Not so coincidentally, the federal government has lots of employees around the world. The Federal Employee Health Benefits Program that insures them does not require people to come back to the U.S. for their health care needs. How silly that would be, right? It does operate an extensive program of overseas health insurance that somehow has managed to include things like networks of foreign health care providers, mail order pharmacies for drugs, and the like.

In the meantime, there is some private insurance help for foreign health care needs. Read the next two questions:

Dan – Pa.: I will turn 65 this year and will enroll in Medicare as well as take out a Medicare supplement plan. I intend to keep working for the foreseeable future. My work involves a fair amount of international travel, and I have an emergency medical evacuation service. However, I wonder what I will need to do to be insured for any urgent or emergency medical expenses while I am outside the U.S. Are there supplement plans that cover medical expenses outside the U.S.? If not, what other options are there (short of traditional medical insurance)?

Karl — France: I will be 65 in not too many years. I have a second home in Nice, France. I know that Medicare doesn’t cover treatment in France. What must I do to be able to spend time there while having medical coverage? Do I have to buy a temporary private policy?

MORE FROM THE MEDICARE MAVEN

Can expats take their Medicare abroad?

Phil Moeller: Six Medicare supplement coverage plans, also called Medigap plans, offer emergency coverage for foreign travel. But the benefits are modest, according to SHIP: 80 percent of Medicare-eligible expenses with a $250 annual deductible. Beyond this, you may need to seek non-Medicare insurance including — depending on how much time you spend outside the U.S. — a policy issued by an insurer in a specific foreign country. And there are health care options in travel insurance policies for shorter trips.

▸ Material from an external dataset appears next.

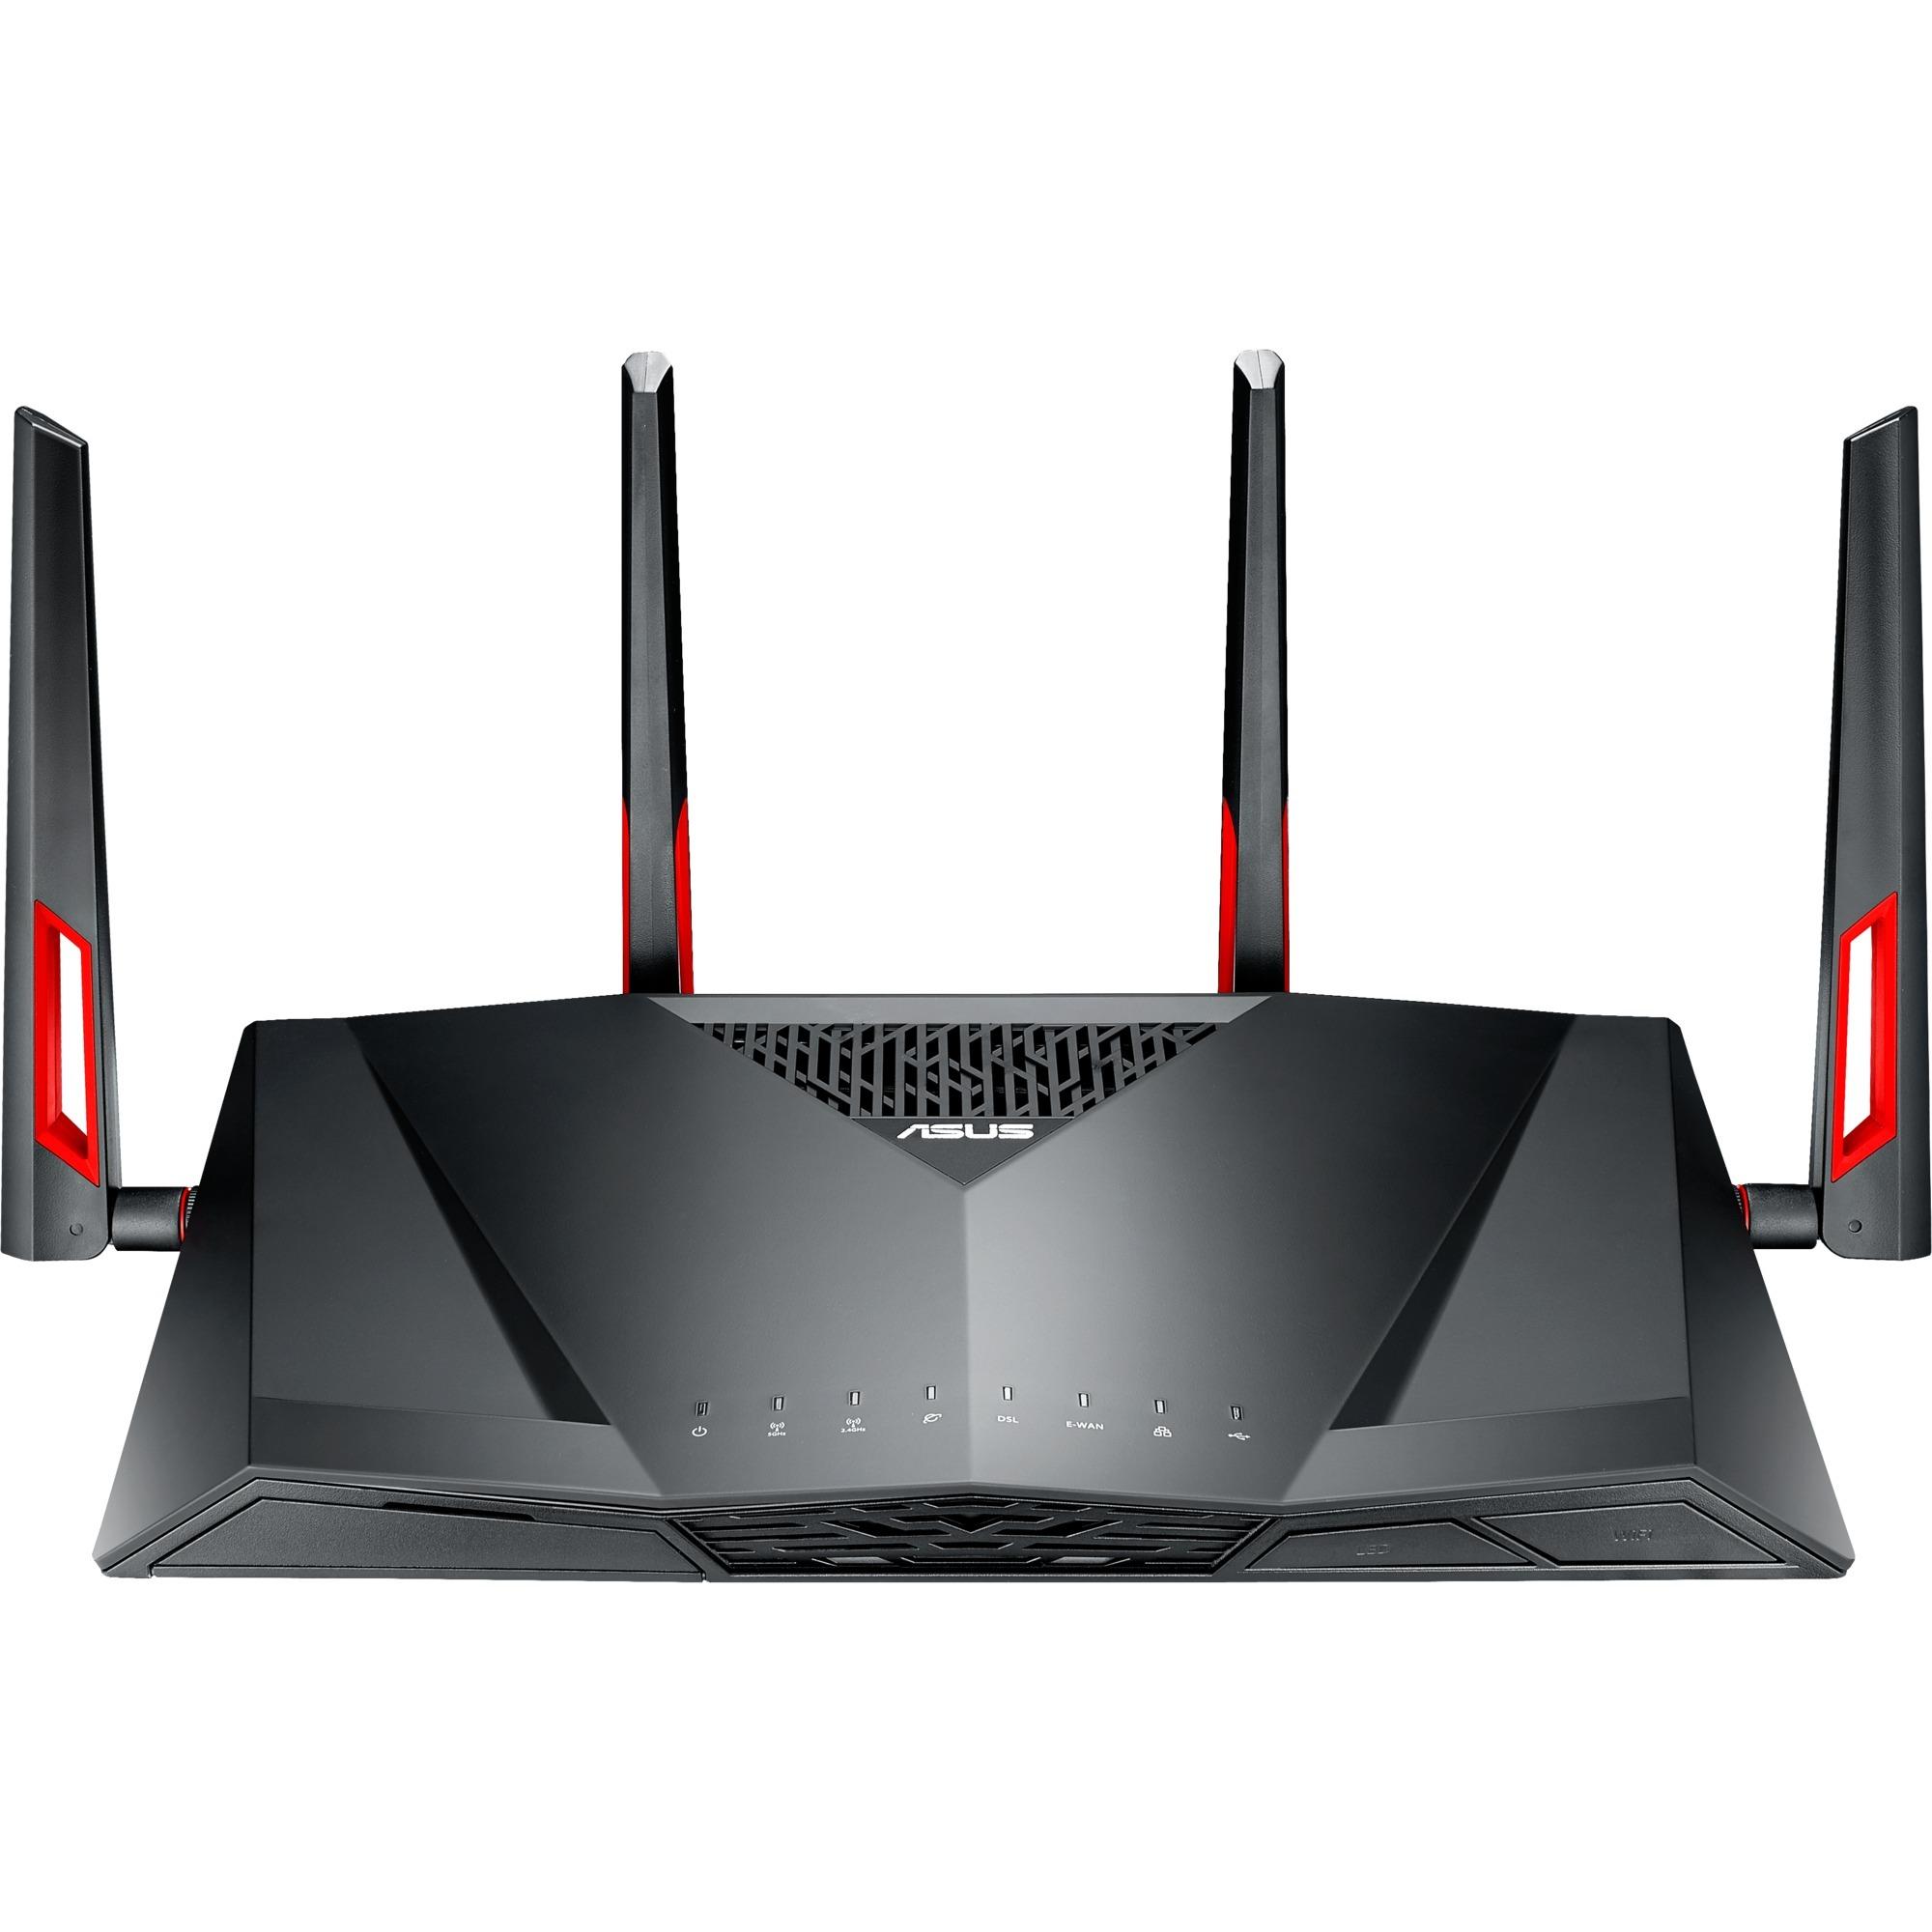 ASUS DSL-AC88U, Router Annex A - Nicht für den Deutschen Markt geeignet

Monica — Ind.: I’ve just relocated to Bloomington, Indiana, from Dublin, Ireland. I was not eligible for a Part D drug plan while in Dublin. As soon as I returned, I applied for Part D. Now they want to charge a penalty, but since I was not living in the United States, when I would otherwise have been eligible, I was not eligible. Do you know how I can avoid the penalty?

Phil Moeller: Did I mention that the way Medicare interacts with the health care needs of people in other nations is in need of a bypass operation? Oh, well. I think your relocation qualifies as a life-changing event that should entitle you to a special enrollment period and exempt you from this kind of penalty. But my opinion counts for naught here. Try getting in touch with the Indiana SHIP office and see if they can help. And please let me know if the forces of logic prevail here and give you the relief you so clearly merit.